Decided on November 26,1949

Ramchandra Kasturchand Appellant
Daulat Durga And Others Respondents


Rege, J. - (1.)HOUSE Nos. 42 and 43 on the Municipal Office Road, were attached in execution of their decrees by three individual -creditors. The appellant Ramchandra objected to the attachment in each case but all the objections were dismissed. He therefore, filed three separate Baits under the provisions of O. 21. R. 63, Civil P.C., for a declaration of his title to the property by virtue of a sale by Dhanna on 30 -8 -1940 evidenced by the sale -deed Ex. P -1.
(2.)THE contesting defendants denied the sale and its validity in general terms and the judgment -debtor remained absent. The suits were tried by Mr. Ramsingh, 2nd Additional Munsiff, Indore. The plaintiff -appellant succeeded in two of them (NO. 492/44 and 281/1944) against the attaching creditors, Daulat Durga Lodha and Nathulal Narsingh Mali but failed in suit No. 486/1942 against the Sarvajnik Sahakari Saustha and Banwarilal. The unsuccessful parties appealed to the learned District Judge, Indore who upheld the dismissal in suit No. 456/1942, and reversing the decrees in the other two cases, and dismissed the plaintiff's suit. The plaintiff has filed three separate appeals, but as counsel agree that the same questions of law and material facts arise in all the cases this judgment will dispose of and govern all of them. It was first contended that on proof of the execution of the sale deed, the onus should have been put on the contesting defendants to prove circumstances vitiating the transaction. It is accepted principle of law that a party must prove his own case and suits under O. 21, R. 68 are no exception. To prove a sale where a third party contests it there must be proof of the existence in the vendor of the title the sale -deed purports to convey; and there must also be proof of consideration and as observed in Jamaher v. Askaran,, 30 I.C. 855 : (A.I.R. 1916 Cal. 666) it is not enough for the plaintiff to rely on the innocent appearance of the deed but he must further prove that the deed is as good as it looks. A similar view has been taken in Appathurai V. Vellayan Chettiar, : 55 Mad. 748: (A.I.R. 1932 Mad. (302), wherein the learned Judges observed on the burden of proof :
If the plaintiff produces his deed, and swears that it is genuine and far full consideration, and the defendant has nothing to say to the contrary, the plaintiff will succeed and where the burden of the plaintiff is so light that it is scarcely worth arguing whether it is mote correct to say that the burden is originally upon the defendant, or upon the plaintiff. But where the defendant has something substantial to say to the contrary the real burden must in inevitably fall upon the plaintiff to establish the right which he claims.

The appellant's learned counsel contended on the authority of V.E.A.R.M. Firm v.
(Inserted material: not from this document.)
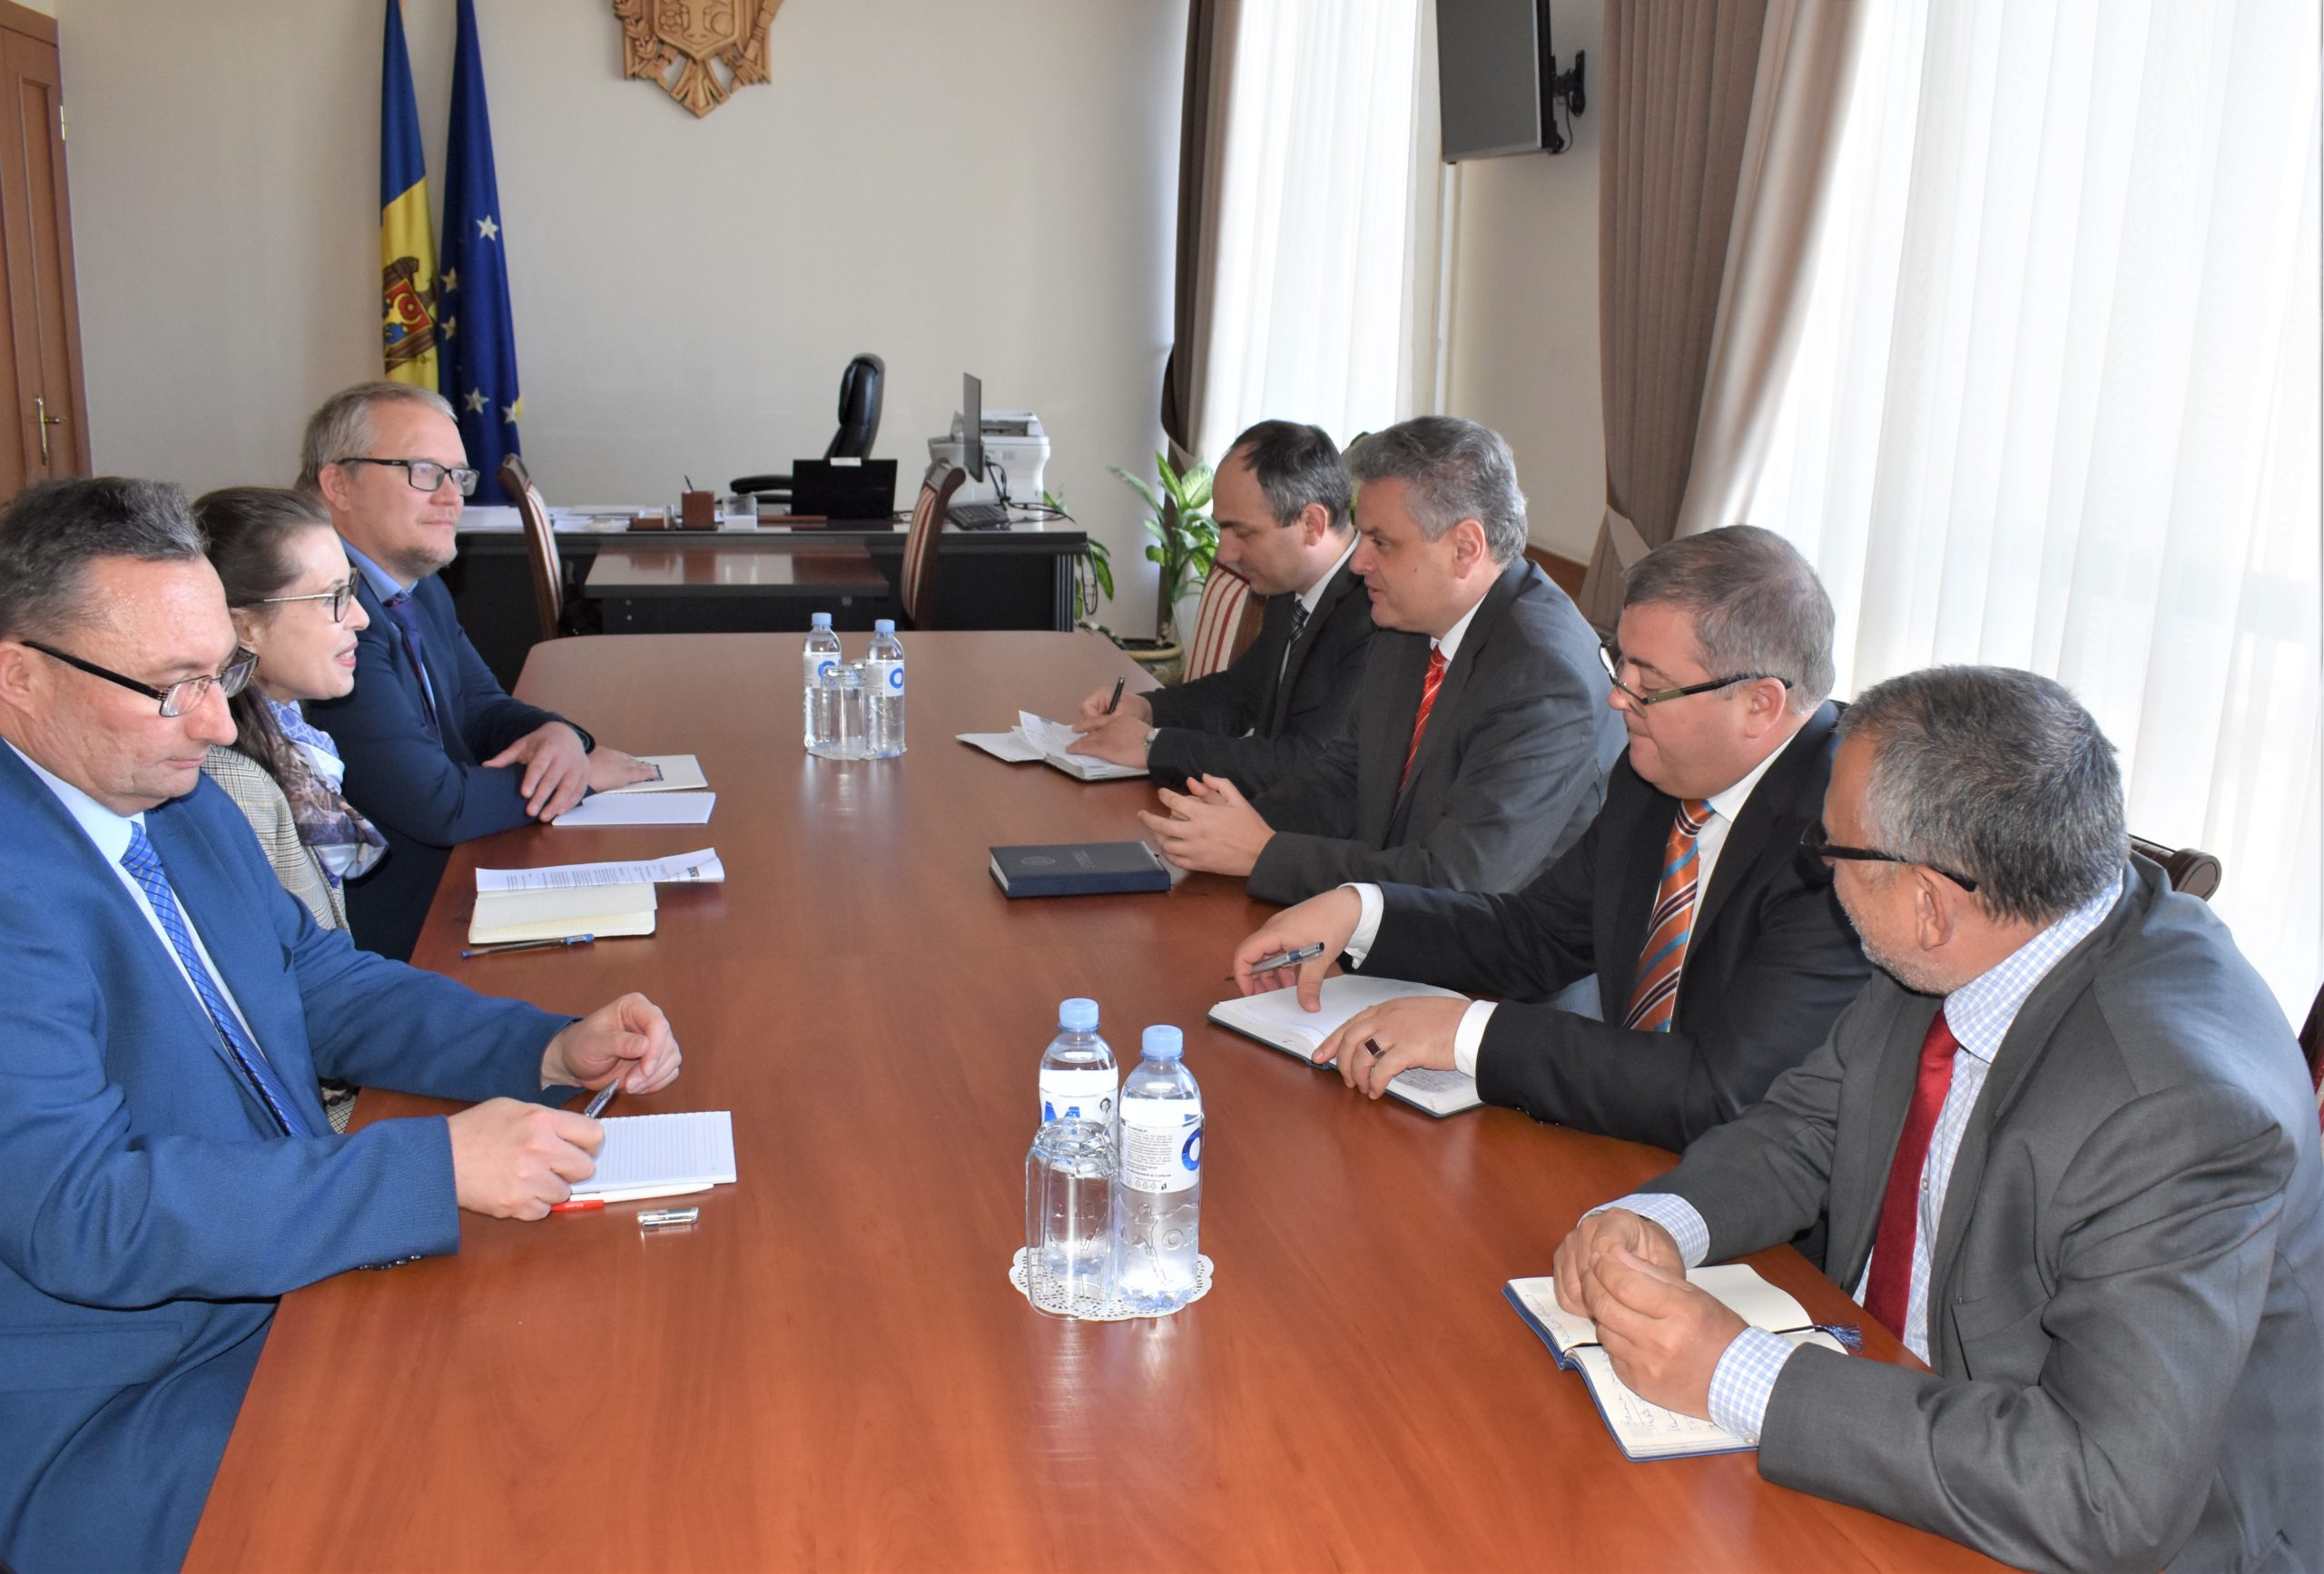 Гаврилица и Серебрян обсудили ситуацию в Приднестровье с новой главой миссии ОБСЕ в Молдове

Maung Ba, : A.I.R. 1927 P.C. 237 : (5 Rang. 852), that proof of the execution of the sale -deed shifted the onus on the defendants; but I do not think such a principle could be deduced from the decision. In that case a sale -deed which purported to be for a consideration of Rs. 20,000 was the basis of the plaintiff's title and receipt by the vendor of Rs. 17,000 had been proved beyond doubt; and what their Lordships held was that it was in the circumstances for the party questioning the sale to prove fraud inter alia by showing the utter inadequacy of consideration for the sale. The onus in a suit under O. 21, R. 63 came up for consideration of the Privy Council in the case of Mohommad Ali v. Mt. Bismilla Begam, : A.I.R. 1930 P.C. 255 : (128 I.C. 647 ) and their Lordships held :

Under O. 21, R. 63, the decision in the said claim proceedings was final subject to the result of this suit which the plaintiff instituted for a declaration that the deeds are valid and that the said properties are not liable to be attached in execution of the decree of the appellant. In their Lordships opinion she is not entitled to this declaration unless the establishes to their satisfaction that the deeds in question were bona fide and were intended by defendant 2 to pass the beneficial interest in the premises in favour of the mutawali of the wakf and the plaintiff respectively.

(3.)THE principle was affirmed in Anna Mali Chettiar v. Ramnathan Chettiar,, A.I.R. 1947 P.C. 98 :, (1947) 2 M.L.J. 54) wherein it was held that where the plaintiff in a suit under O. 21, R. 63, Civil P.C., proves prima facie that the consideration as stated in the sale -deed had passed the burden shifts to the other party to prove the contrary.